What a statement. It rings of naivete. How would you pay for your living
expenses? Are you living with someone who pays your living expenses? Do they
work? Or are you on social welfare?

Who maintains the automation? Who designs these systems? Until robots and AI
can do everything (which is a long way away), there's always going to be
something that no one wants to do. Getting paid is an incentive to do it. We
are also a long way from becoming a non growth focused economy. Until such a
time as strong AI and a non growth focused economy become a reality (if ever),
jobs are necessary, and always will be.

People also like to be useful, to feel like they matter, or be part of
something greater than themselves. Jobs are one avenue for this fulfilment.
Someone who is intentionally unemployed is not being useful. If you are on
welfare, or your supported by family, then you are a burden. Others are
required to work, but you choose not to at their expense. Why are you entitled
to do what you want, when others can't? That is seen as unfair, so you cop
resentment.

"I always sense there is this weird belief that "people must work and belong
to something so that society can function"."

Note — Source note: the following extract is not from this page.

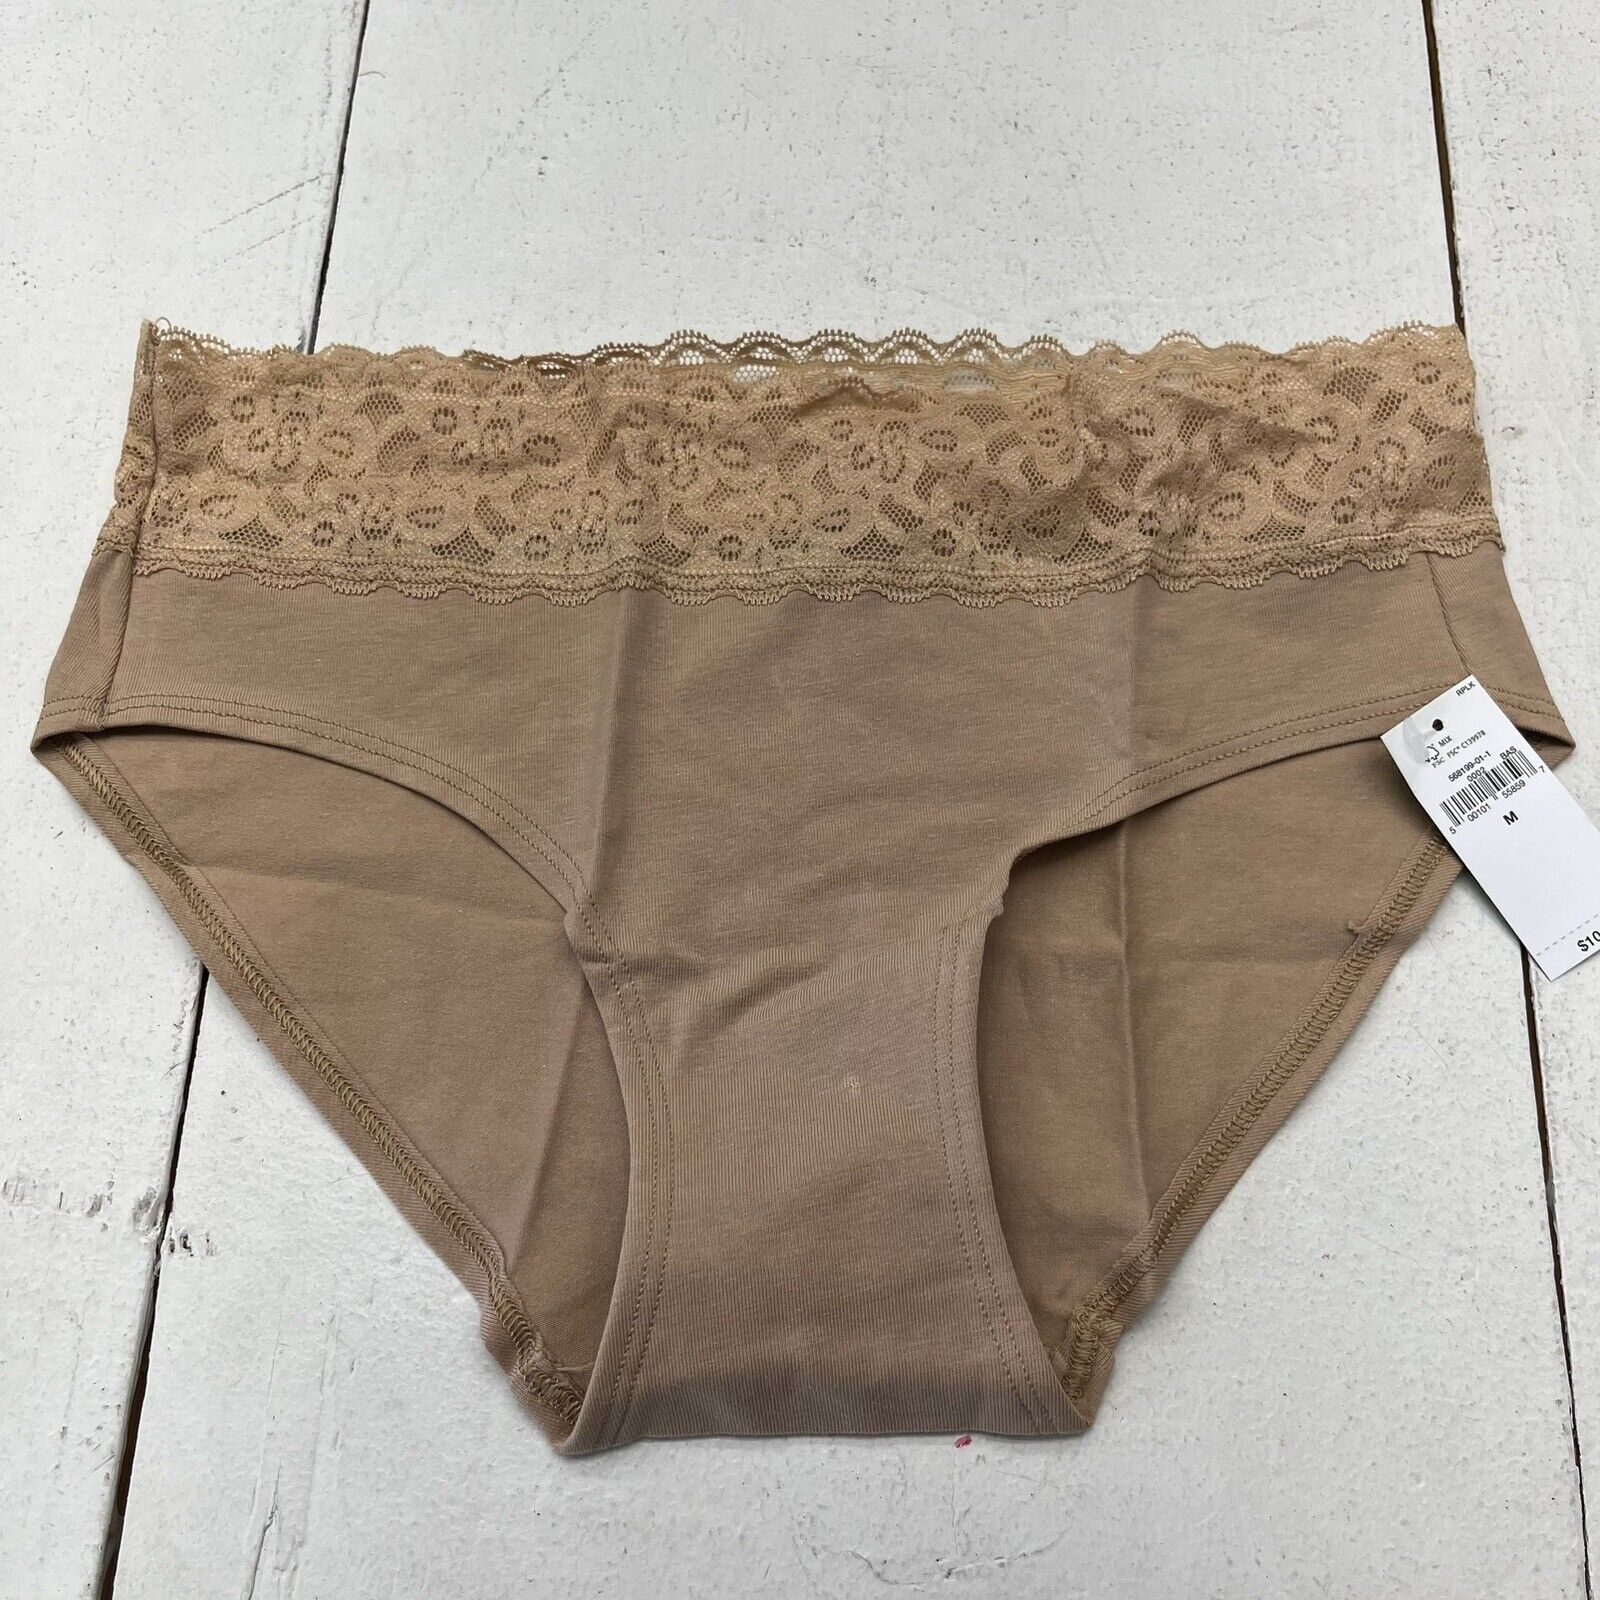 Gap Body Beige Lace Hipster Underwear Women's Size Medium NEW

I suspect you believe this to justify your lack of motivation for employment.
There is a big epidemic of this type of attitude in Japan (neet's) [1], where
young people refuse to work and just live off their families income. It might
be different if you had decided to quit your job and make your dream game. You
were never employed and don't want to be.

I think we are in a weird point in western society, where we are generally
more well off than any other time. The basic costs of living are relatively
low for a single person, particularly if they live with their parents. A lot
of the basic things have become much easier than before. So, its much easier
to be unemployed (particularly in welfare based societies), and people will
find all sorts of ways to justify their apparent lack of motivation.

[1] [https://en.wikipedia.org/wiki/NEET](https://en.wikipedia.org/wiki/NEET)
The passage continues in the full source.